(Stored data Opens)

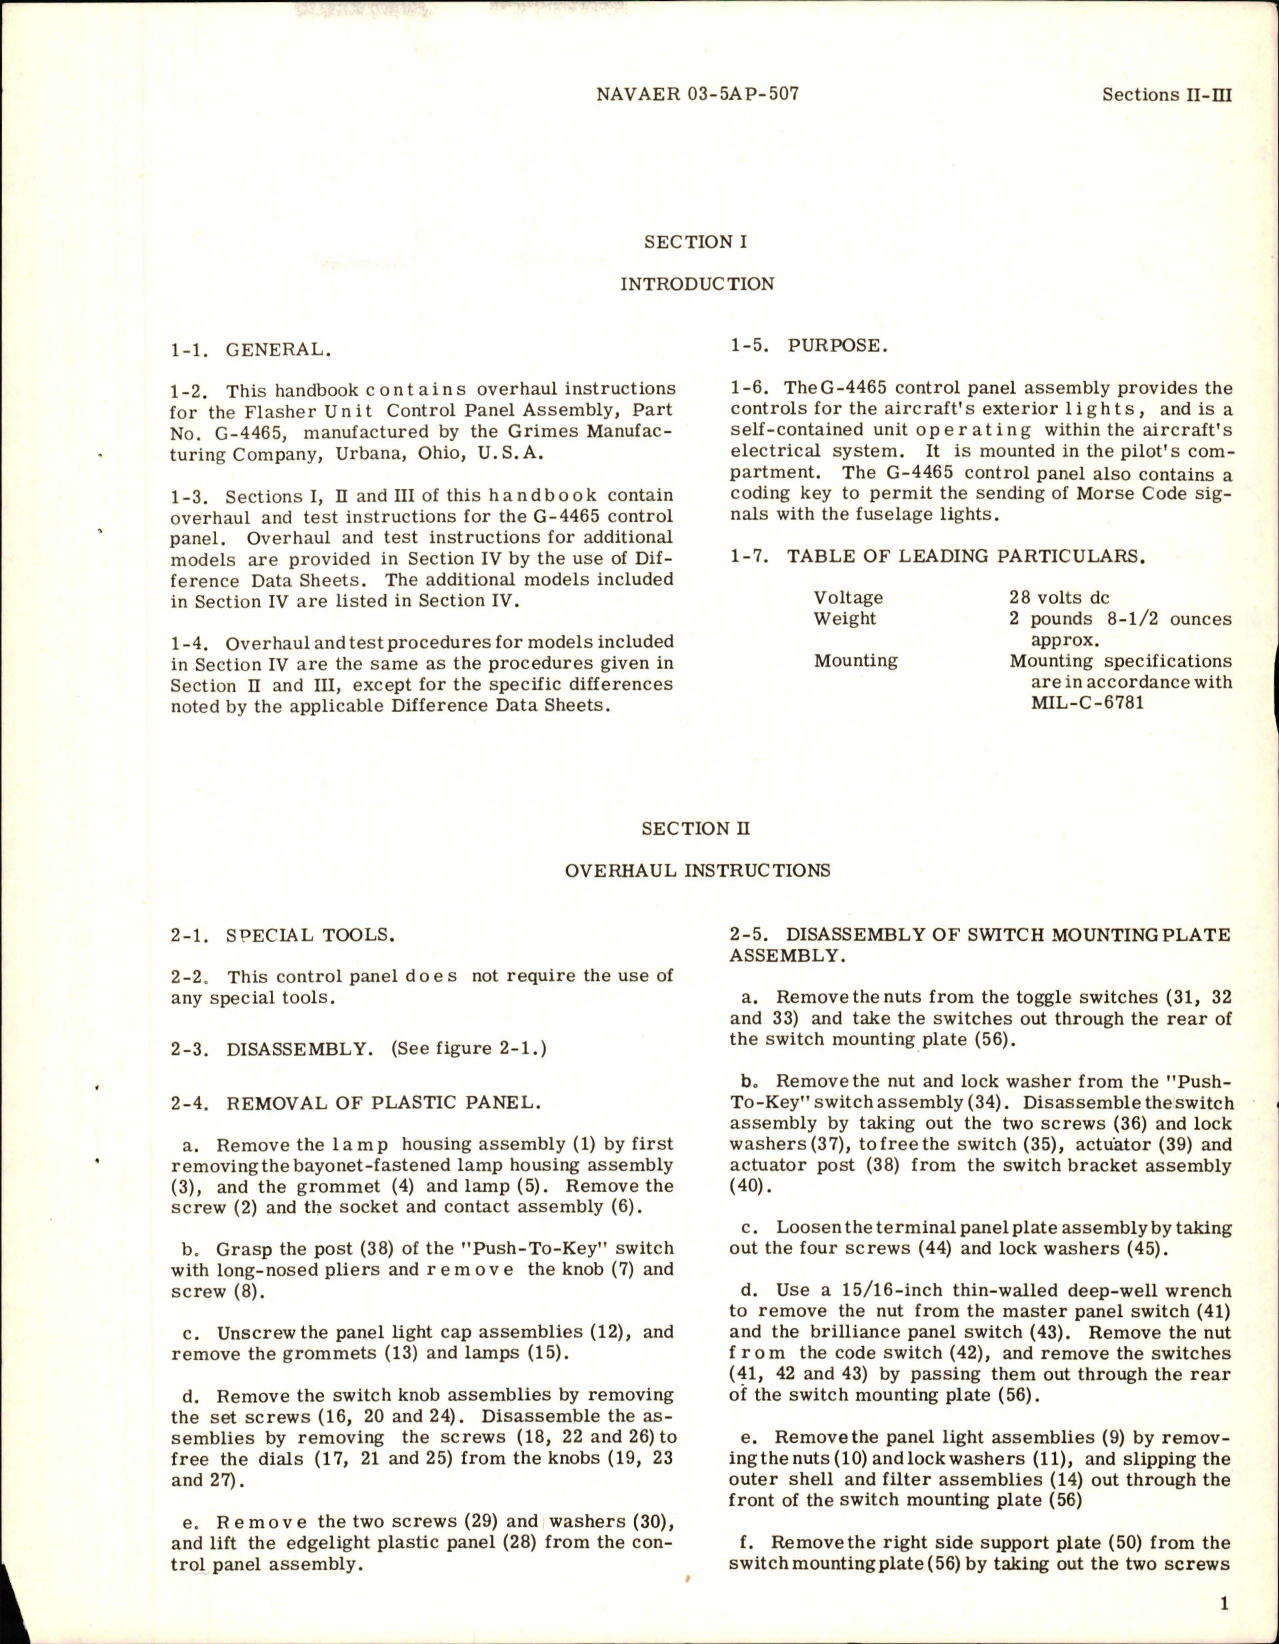 Sample page 5 from AirCorps Library document: Overhaul Instructions for Flasher Unit Control Panel Assembly - Part G-4465
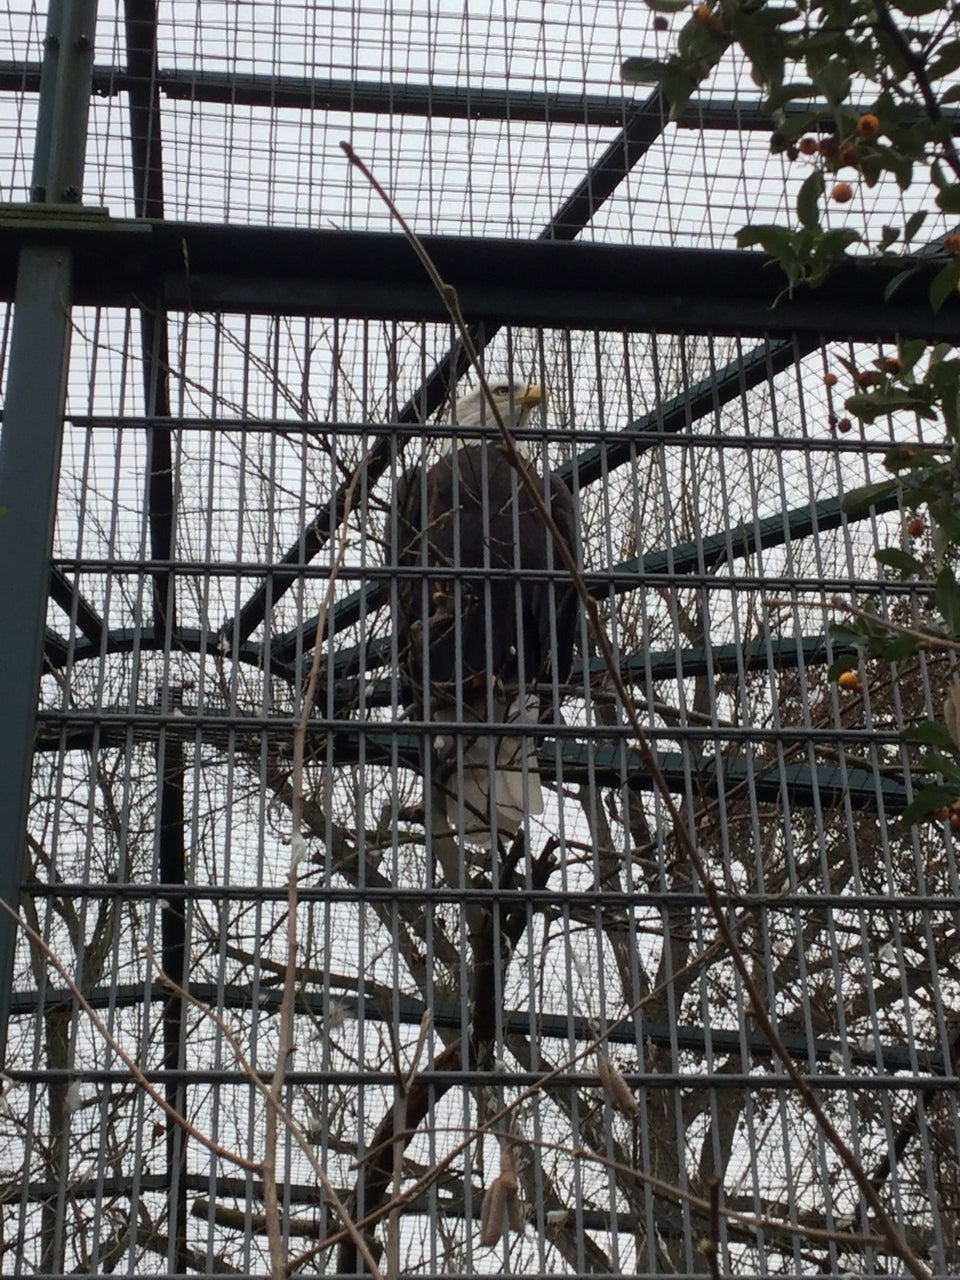 Bald eagle in a cage
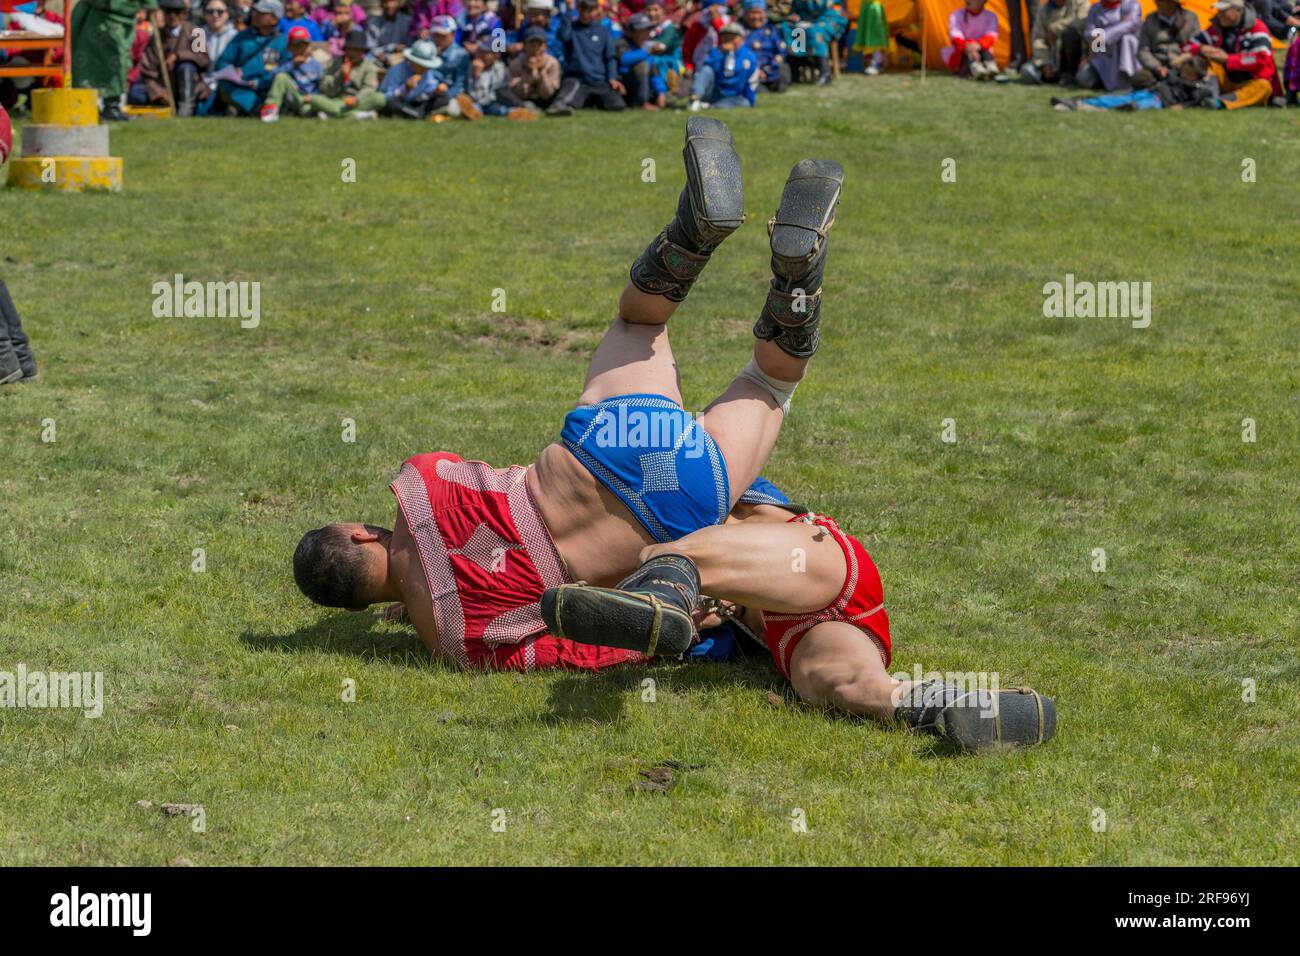 The Mongolian traditional wrestling event (is an untimed competition in which wrestlers lose if they touch the ground with any part of their body othe Stock Photo

(Stored data Closes)

■ Exercise details:
Every line above should be transcribed word for word; leave the pictures out.

■ Answer below:
 Sample page 5 from AirCorps Library document: Overhaul Instructions for Flasher Unit Control Panel Assembly - Part G-4465
 Bald eagle in a cage
 The Mongolian traditional wrestling event (is an untimed competition in which wrestlers lose if they touch the ground with any part of their body othe Stock Photo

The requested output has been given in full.